Kompensatorische Mechanismen in CD44-defizienten Mäusen.
Zusammenfassung
CD44 ist eine Familie transmembraner Glycoproteine, denen eine Rolle bei verschiedenen physiologischen und pathologischen Prozessen, wie zum Beispiel bei der Embryonalentwicklung, der Hämatopoese, in der Immunantwort, bei Tumorwachstum und der Bildung von Metastasen zugeschrieben wurde. Interessanterweise zeigen Mäuse, bei denen alle Isoformen von CD44 durch gezielte Mutagenese ausgeschaltet worden sind, keine offensichtlichen embryonalen oder immunologischen Abnormalitäten; lediglich ein geringfügiger Defekt in der Hämatopoese wurde beobachtet (Schmits et al., 1997).
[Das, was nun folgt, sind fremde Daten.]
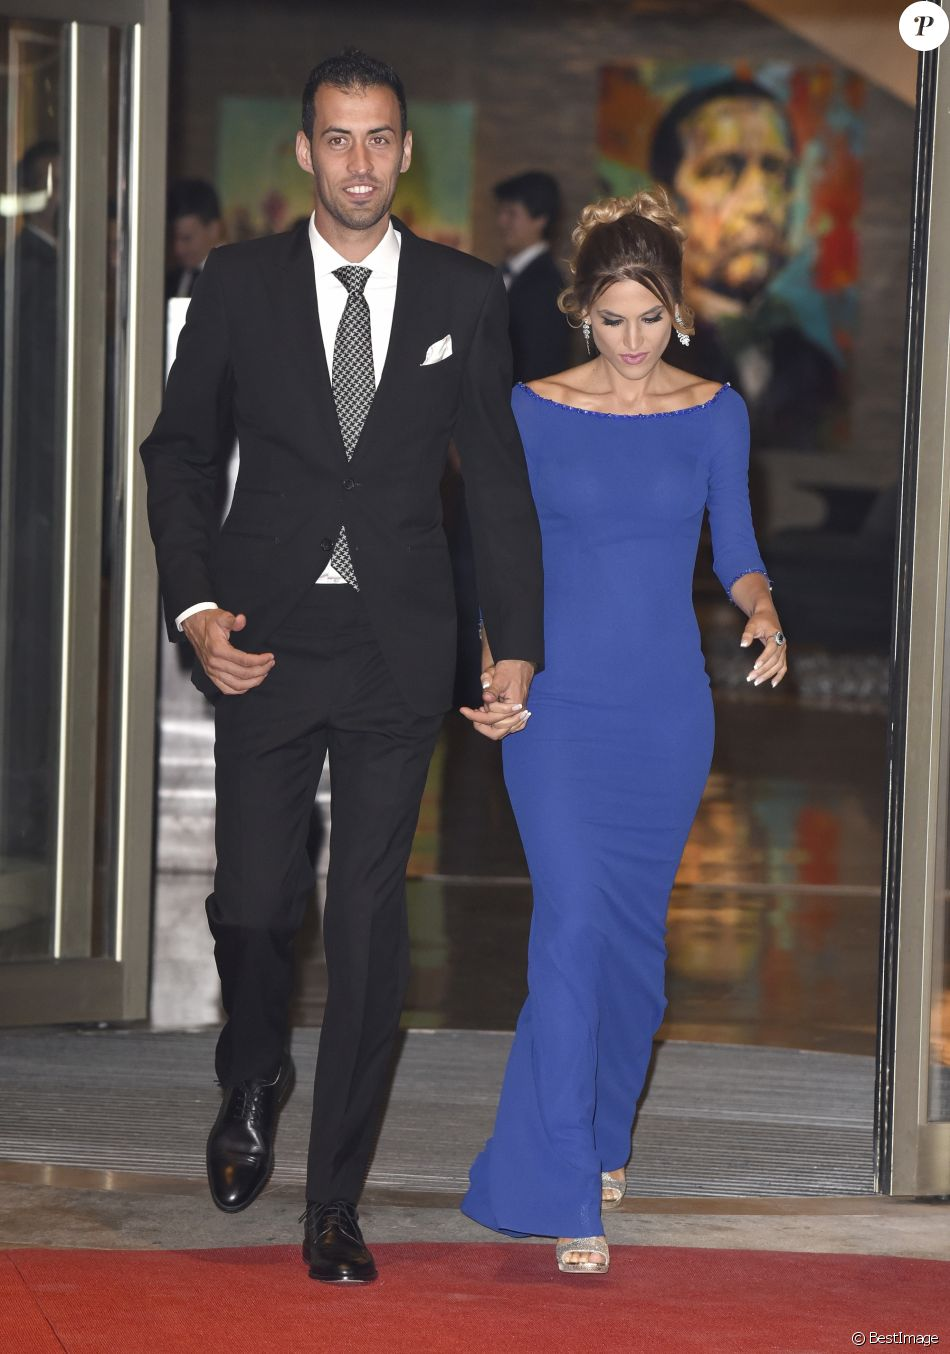 Sergio Busquets et sa compagne Elena Galera au mariage de Lionel Messi et  Antonella Roccuzzo au Pullman City Center de Rosario en Argentine le 30  juin 2017.
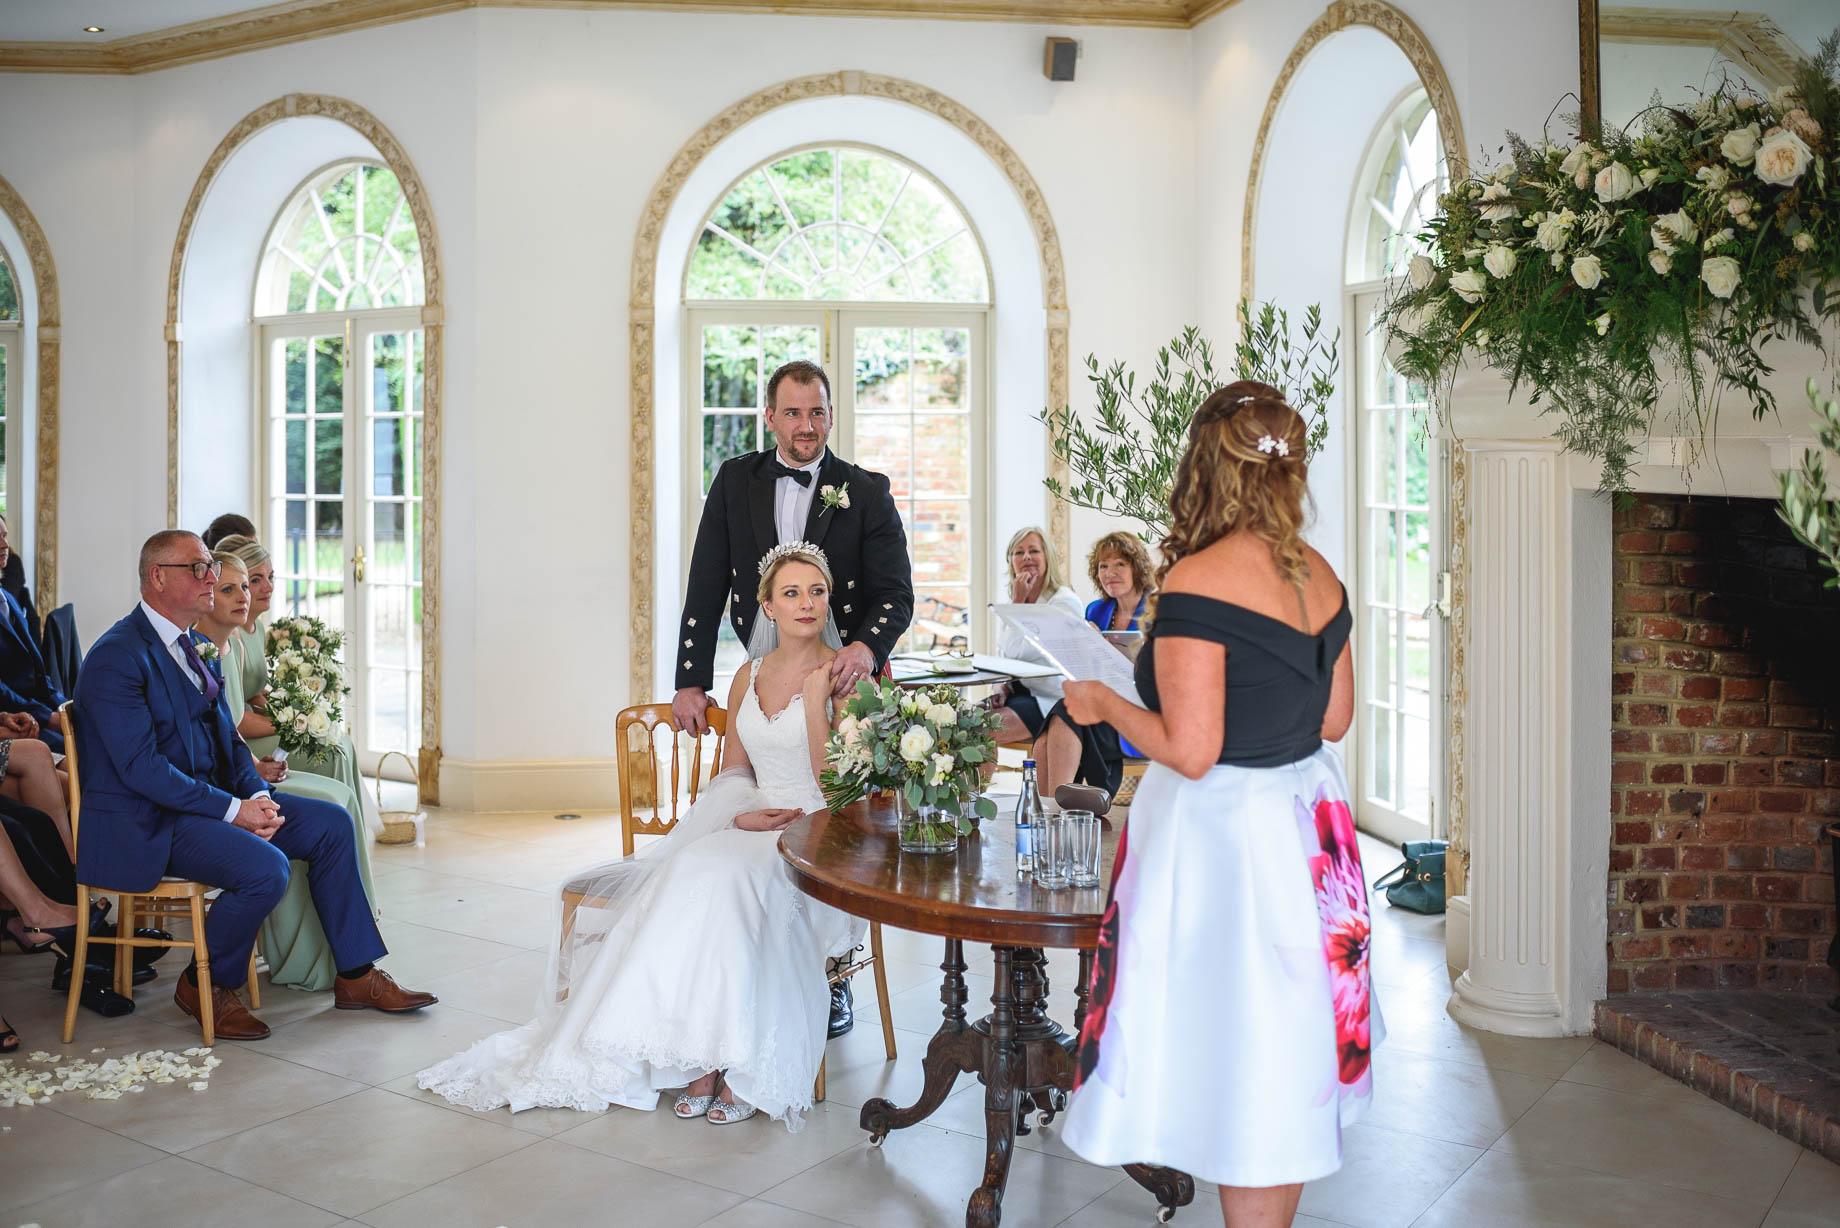 Northbrook Park wedding photography - Natalie + Andrew

Daraus wurde geschlussfolgert, dass Mäuse, bei denen CD44 genetisch defekt ist, einen kompensatorischen Mechanismus benutzen, der einen funktionellen Ausgleich schafft. Das Ziel der vorliegenden Arbeit war es, die Veränderungen zu untersuchen, die in CD44-defekten Mäusen für den Mangel an CD44 kompensieren. Die Suche nach einem kompensatorischen Molekül basierte auf den Bindungseigenschaften von CD44 für spezifische Liganden, die potenzielle CD44-substituierende Moleküle definieren könnten.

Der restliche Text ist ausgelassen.